**What you need to do**
Please reproduce the data exactly and omit the pictures.

**Data below**
»»

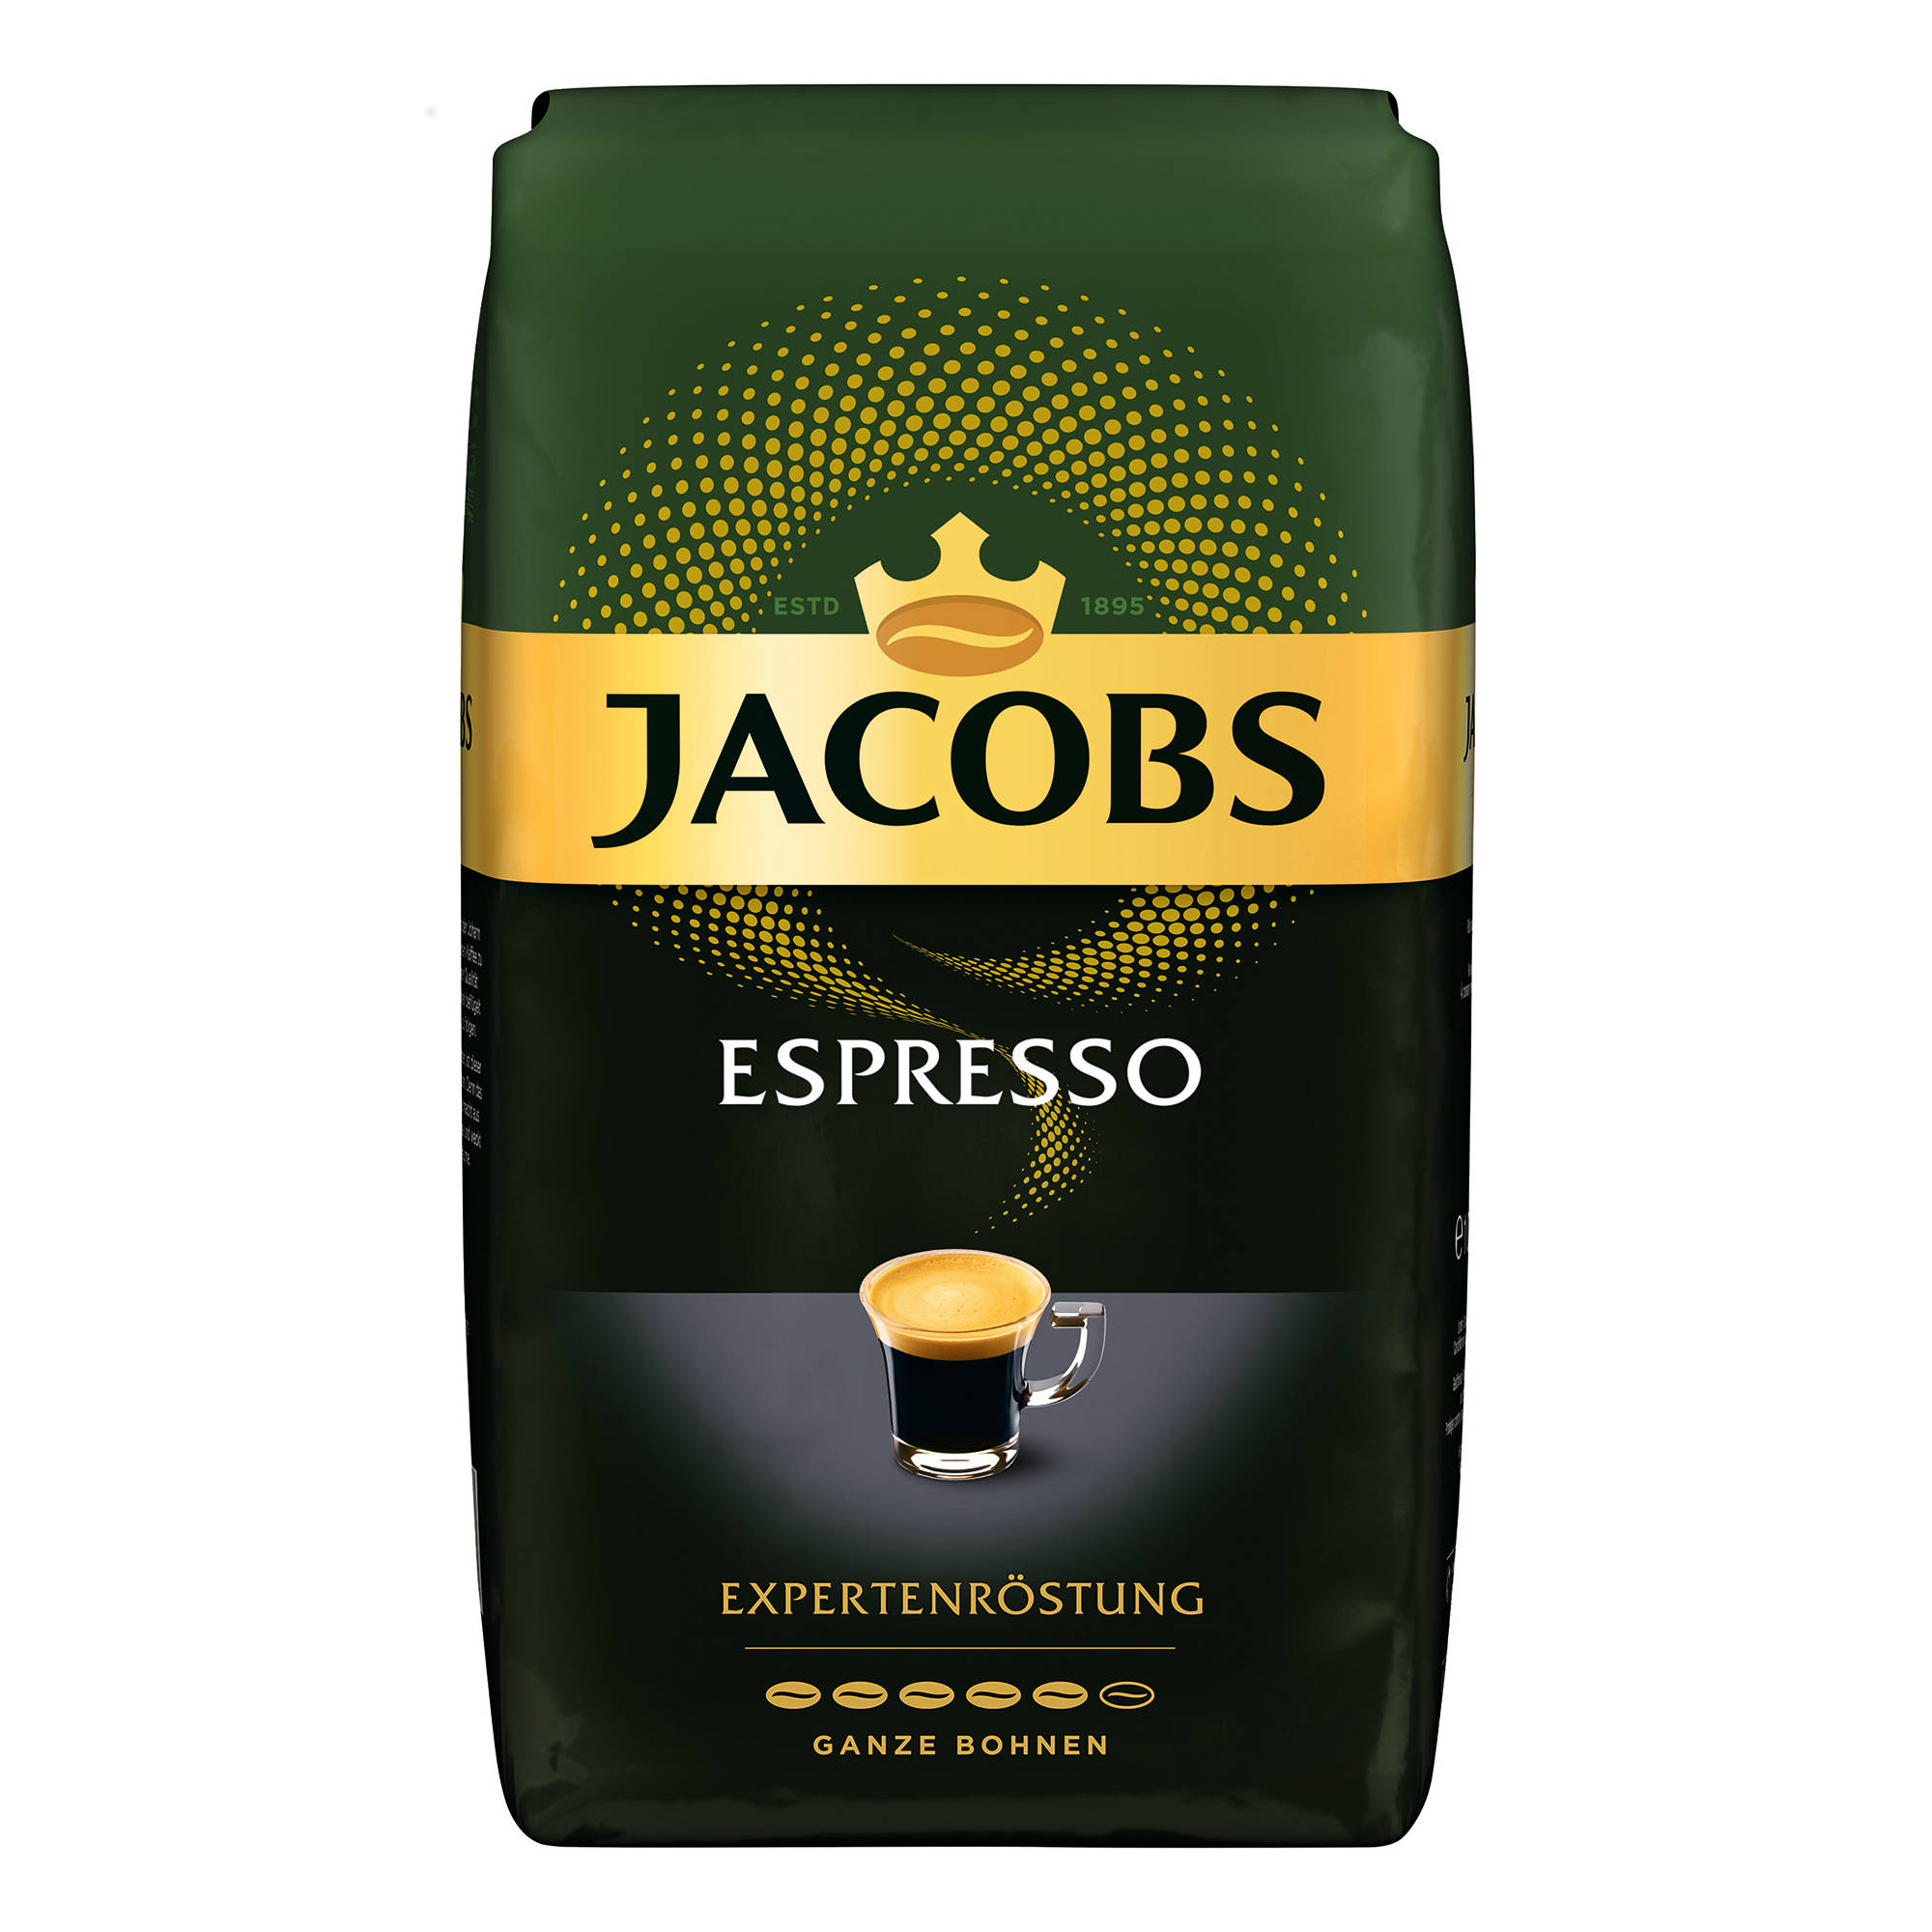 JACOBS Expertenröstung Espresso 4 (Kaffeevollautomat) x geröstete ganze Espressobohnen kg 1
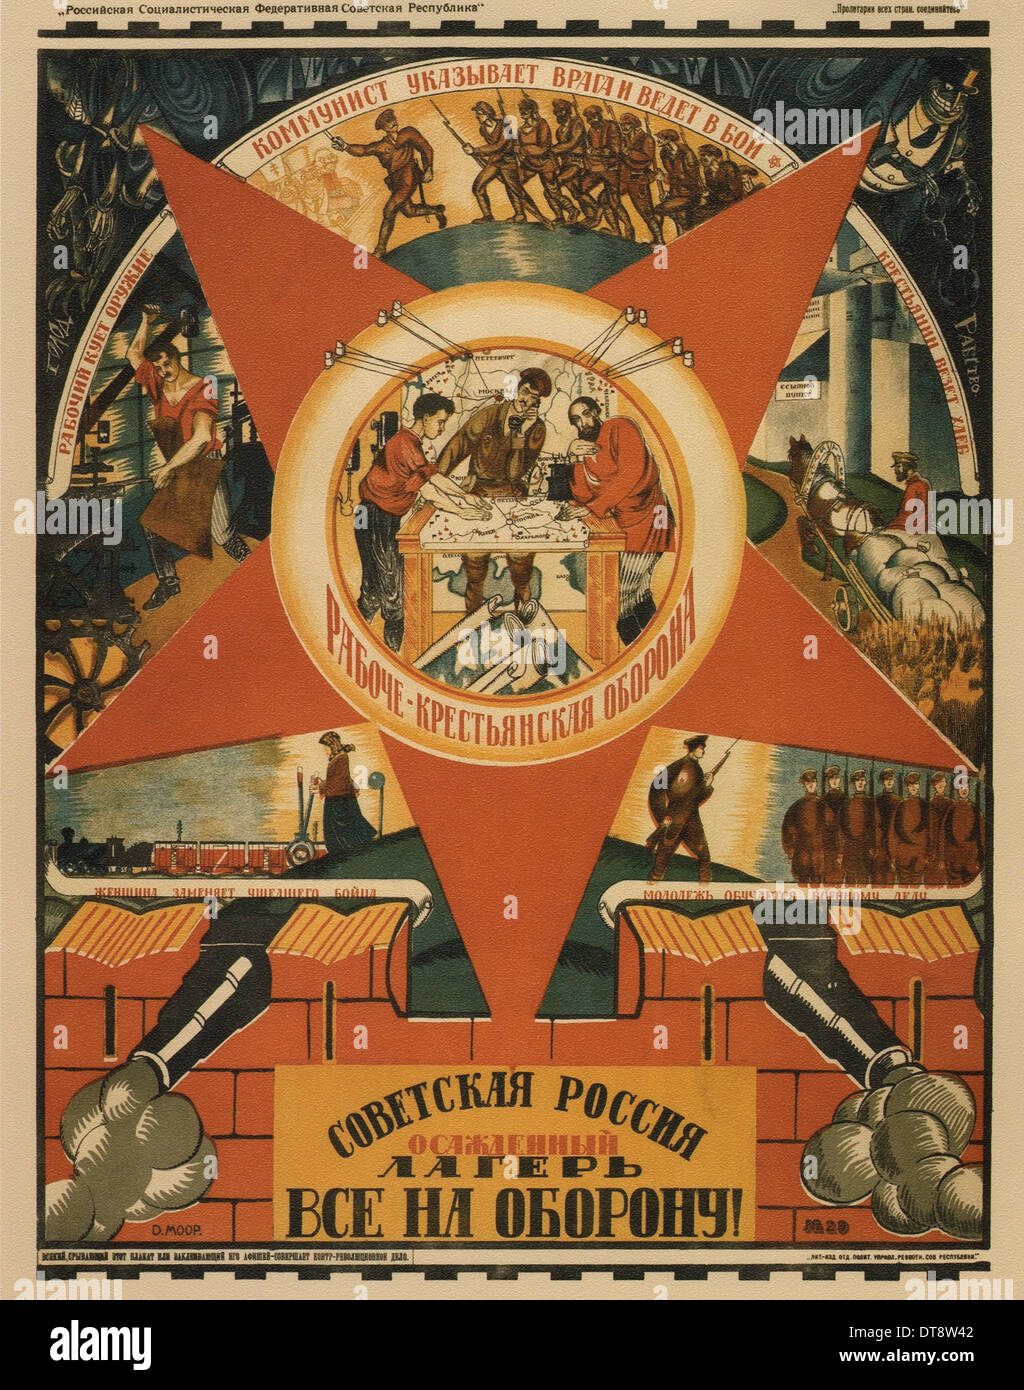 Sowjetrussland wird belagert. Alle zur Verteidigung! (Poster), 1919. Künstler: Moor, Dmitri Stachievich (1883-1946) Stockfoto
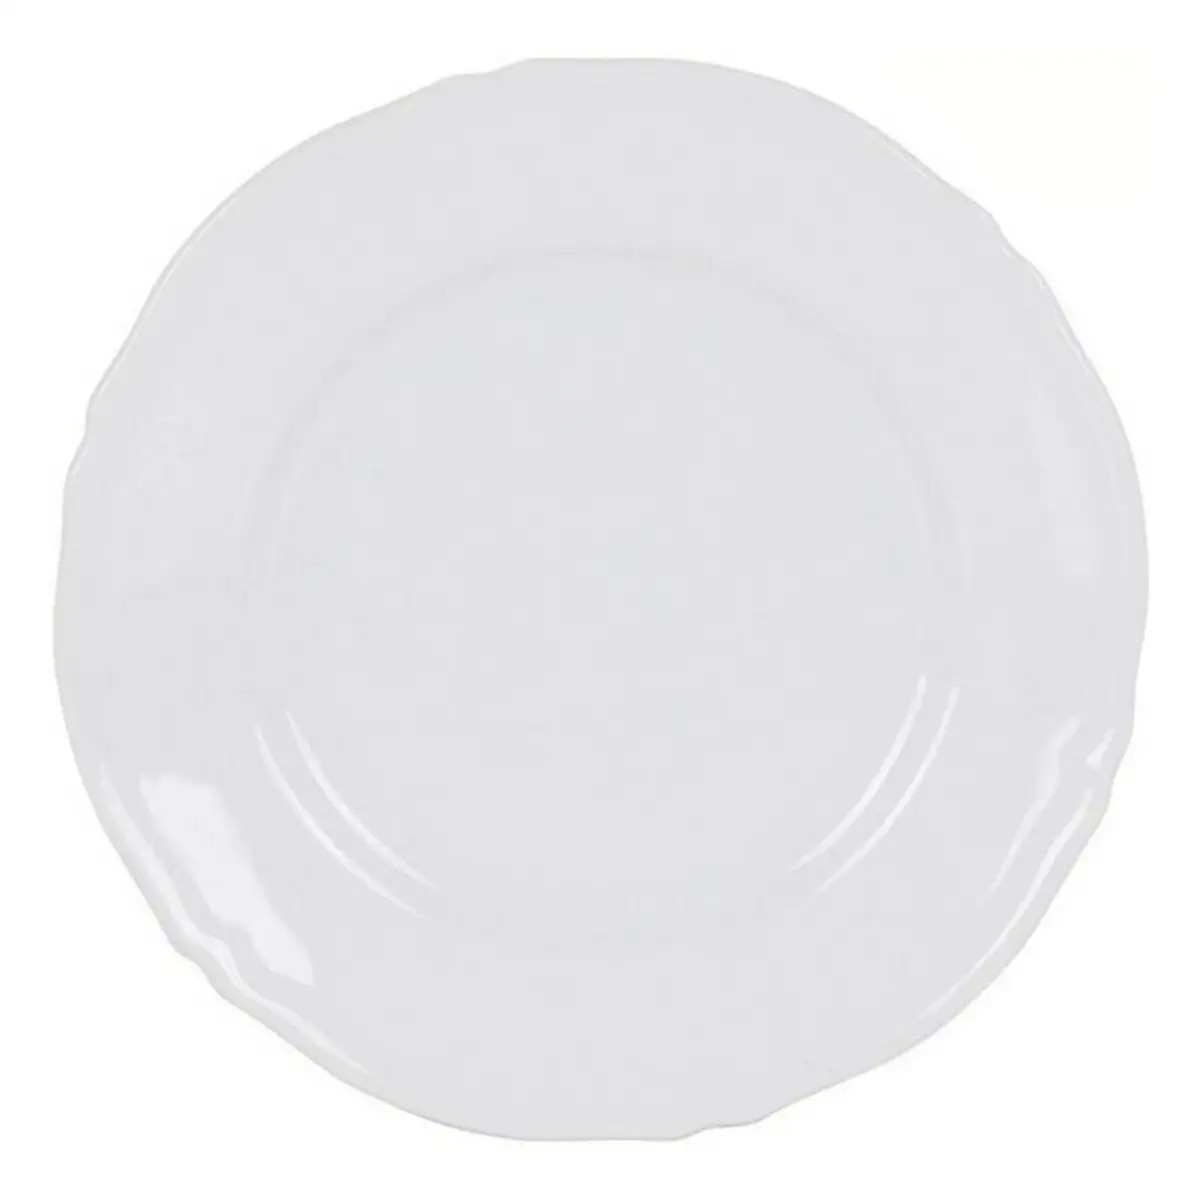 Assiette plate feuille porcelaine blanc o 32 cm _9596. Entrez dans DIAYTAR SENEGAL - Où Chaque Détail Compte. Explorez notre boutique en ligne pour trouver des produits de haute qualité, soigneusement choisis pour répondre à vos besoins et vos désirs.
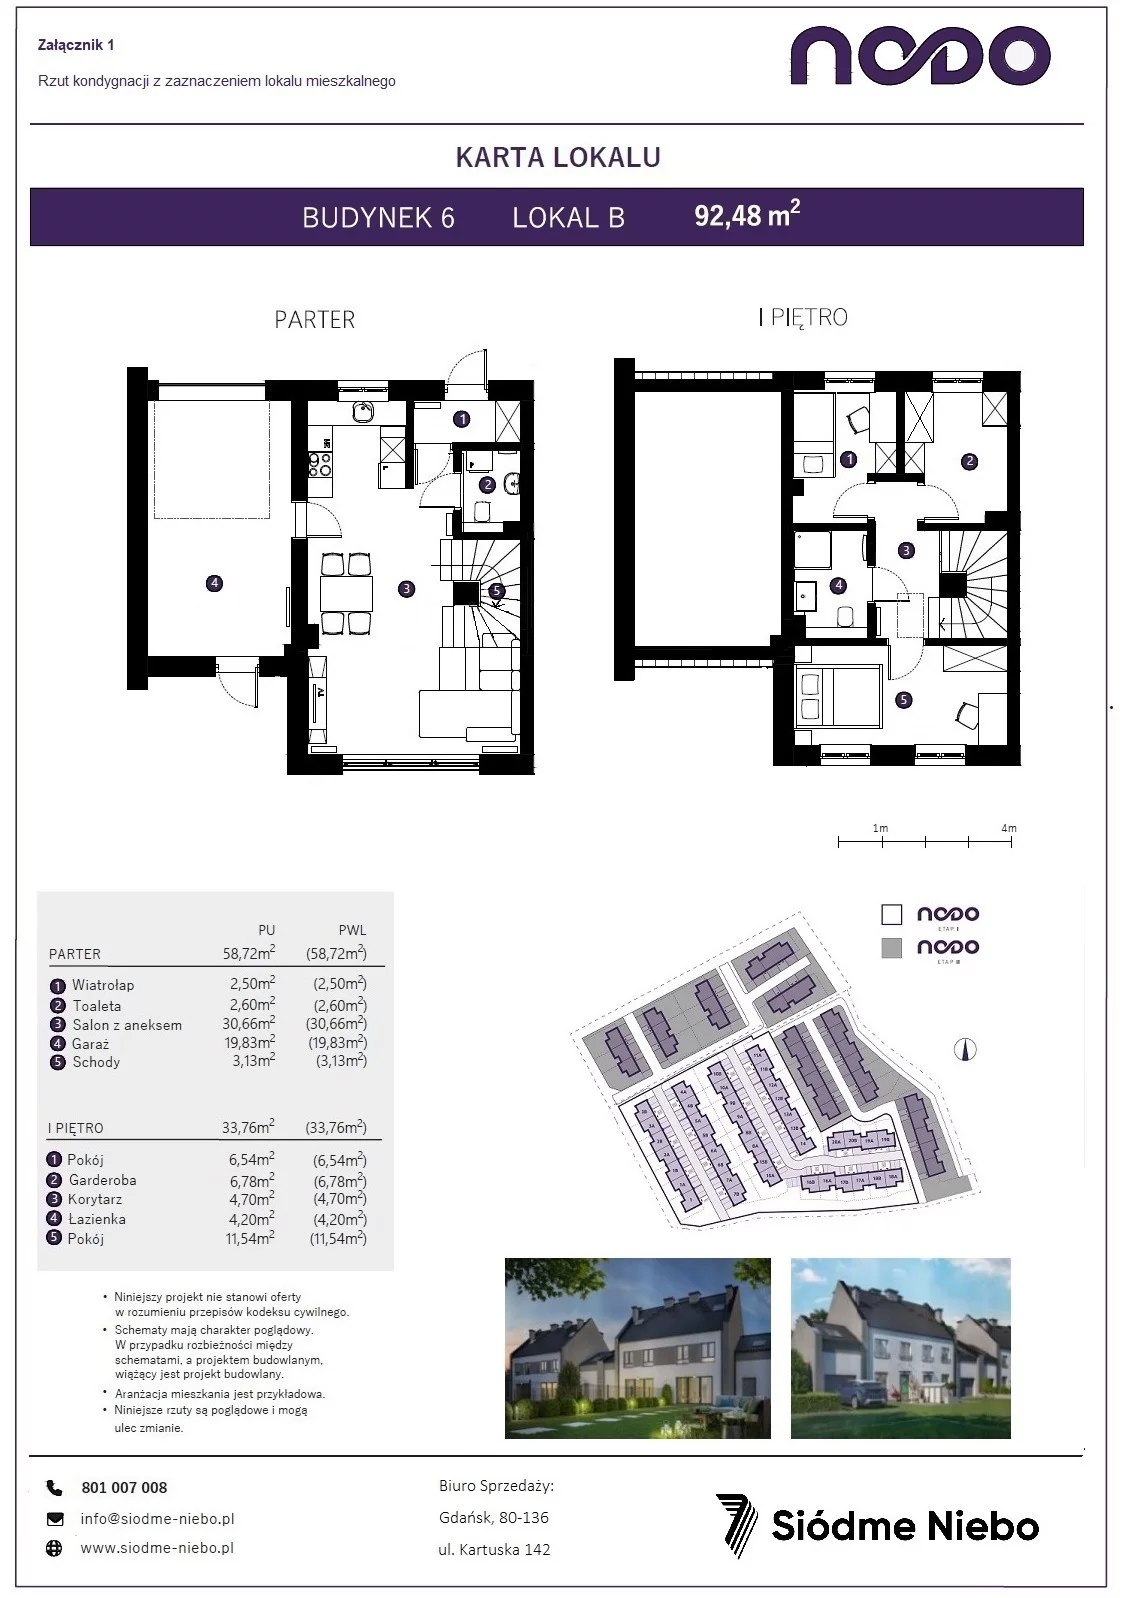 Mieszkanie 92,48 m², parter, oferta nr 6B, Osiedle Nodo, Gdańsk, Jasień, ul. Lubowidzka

««

**Task solution**
 JACOBS Expertenröstung Espresso 4 (Kaffeevollautomat) x geröstete ganze Espressobohnen kg 1
 Sowjetrussland wird belagert. Alle zur Verteidigung! (Poster), 1919. Künstler: Moor, Dmitri Stachievich (1883-1946) Stockfoto
 Assiette plate feuille porcelaine blanc o 32 cm _9596. Entrez dans DIAYTAR SENEGAL - Où Chaque Détail Compte. Explorez notre boutique en ligne pour trouver des produits de haute qualité, soigneusement choisis pour répondre à vos besoins et vos désirs.
 Mieszkanie 92,48 m², parter, oferta nr 6B, Osiedle Nodo, Gdańsk, Jasień, ul. Lubowidzka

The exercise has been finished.